Harold A. Wilson (physicist)


Dr Harold Albert Wilson FRS FRSE was an English physicist.

Early life

Wilson was born in York, the son of Albert William Wilson, a goods manager with the North British Railway. His mother, Anne Gill, was the daughter of a farmer and innkeeper from Topcliffe.
Wilson was educated at St Olave's Grammar School. He then studied Science Victoria University College in Leeds and then at University College, London, graduating BSc in 1896. He then went to Cambridge University and gained a BA and DSc.

Career

In 1896 he became a colleague of English physicist J. J. Thomson at Cambridge University, and performed one of the earliest measurements of the electron's charge. He was awarded his Doctor of Science degree from London in 1900, and was elected Fellow of Trinity College, Cambridge in October 1901. From 1901 to 1904, he held a James Clerk Maxwell fellowship at the Cavendish Laboratory. He became a lecturer in Physics at King's College London, then professor at the college in 1905. In 1906 he was elected a Fellow of the Royal Society of London.
In 1909 he accepted a role as professor of Physics at McGill University in Montreal in Canada, staying there three years.
He joined the Rice Institute located in Houston, Texas in 1912, becoming the first chair of the physics department.
He returned to Britain in 1924, spending a year at the University of Glasgow. In 1925 he was elected a Fellow of the Royal Society of Edinburgh.
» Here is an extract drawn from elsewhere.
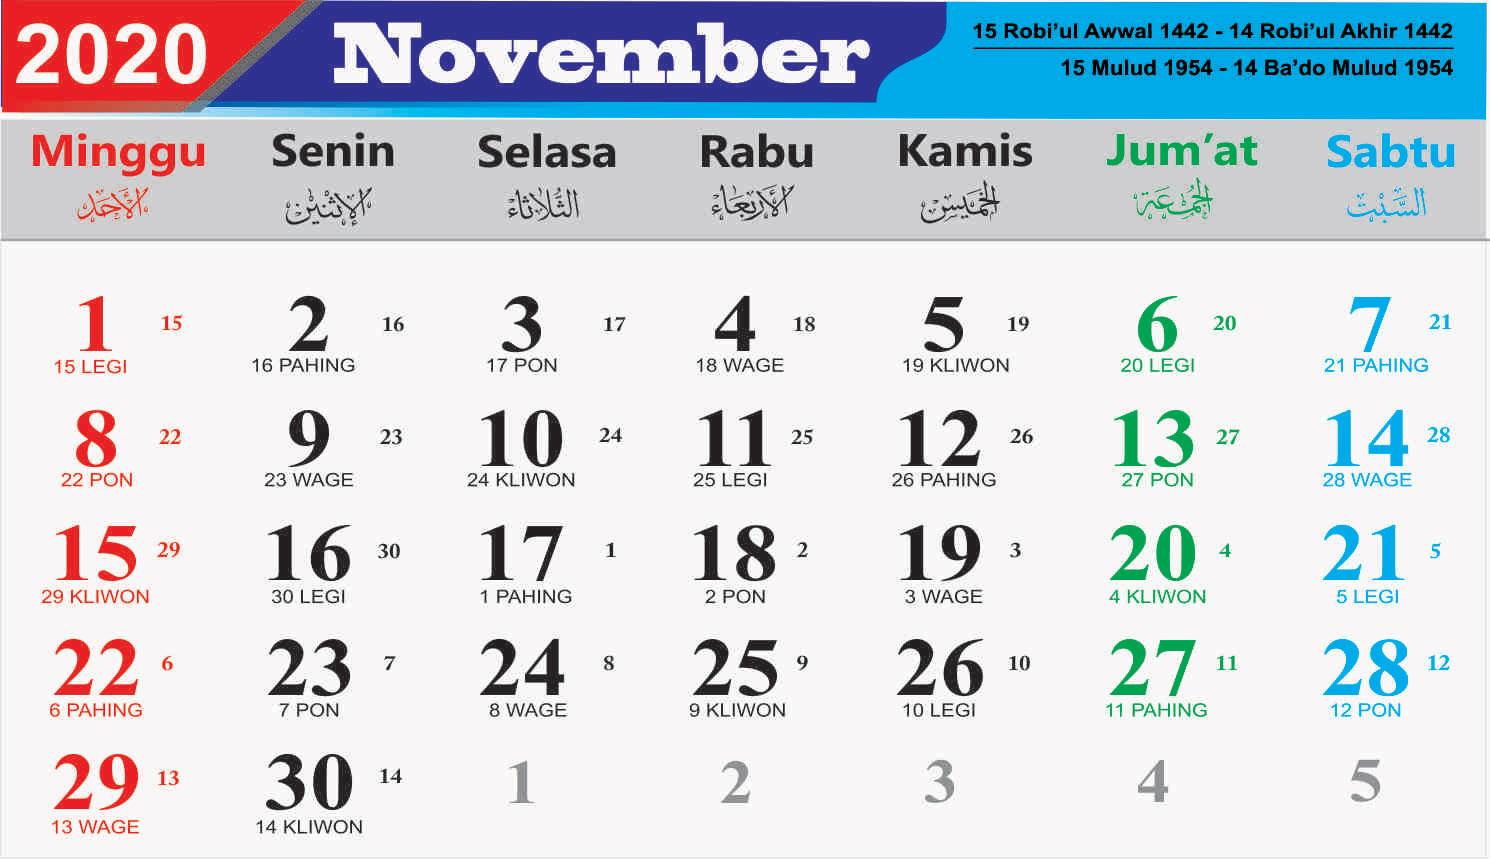 Hari Besar Nasional November 2020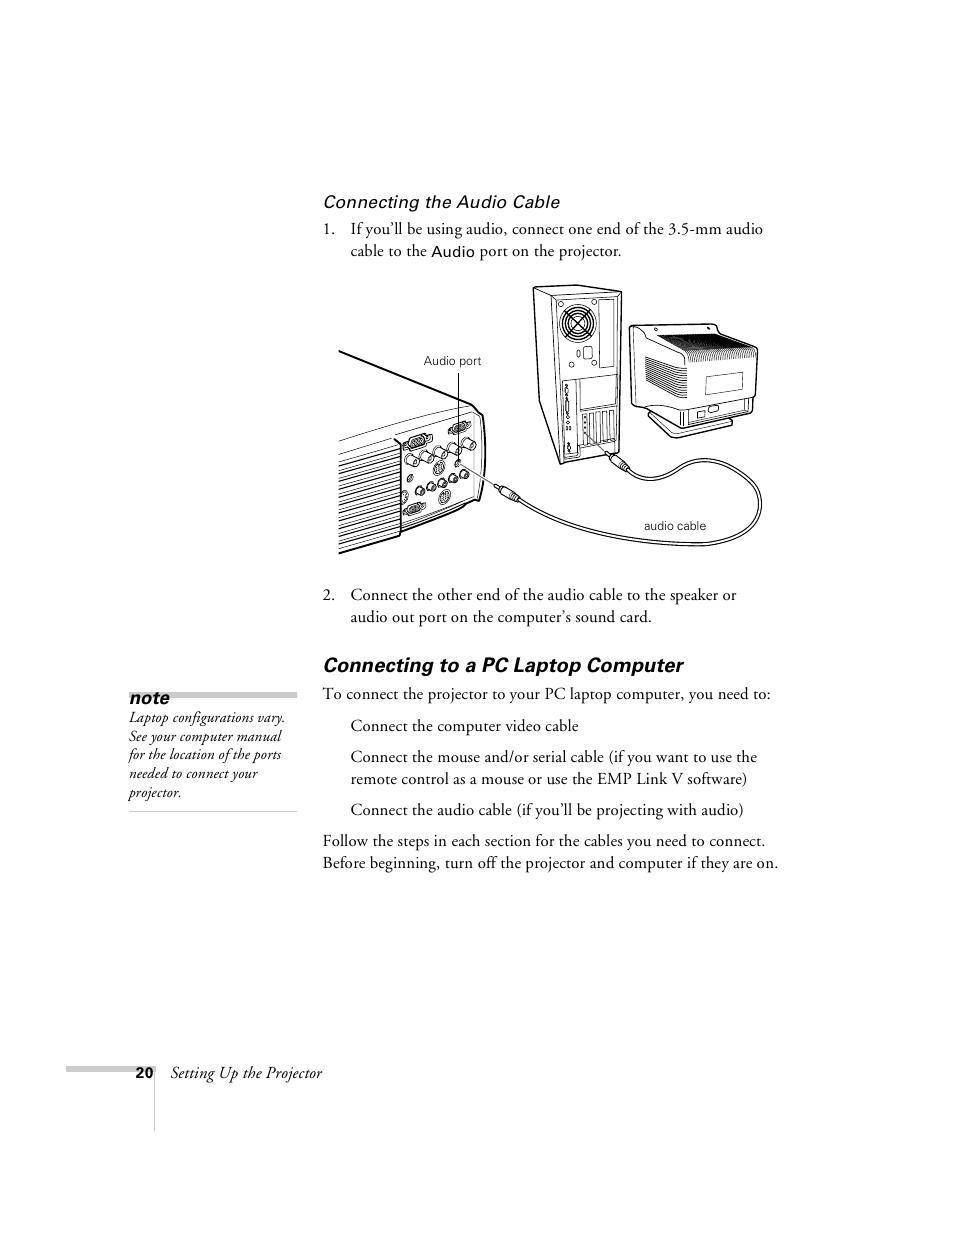 Проектор Epson Сервис мануал - Vobihe

His proposers were Charles Glover Barkla, Frederick Orpen Bower, John Walter Gregory and Sir John Graham Kerr.
In 1925 he returned to Rice University in Houston and continued there until retiral in 1947.
He died in Houston on 13 October 1964.

Family

In 1912 he married Marjorie Patterson Smyth.
Harold had one sister, Lilian, who would marry Sir Owen W. Richardson.

Recognition

The Wilson Award at Rice University is named after him.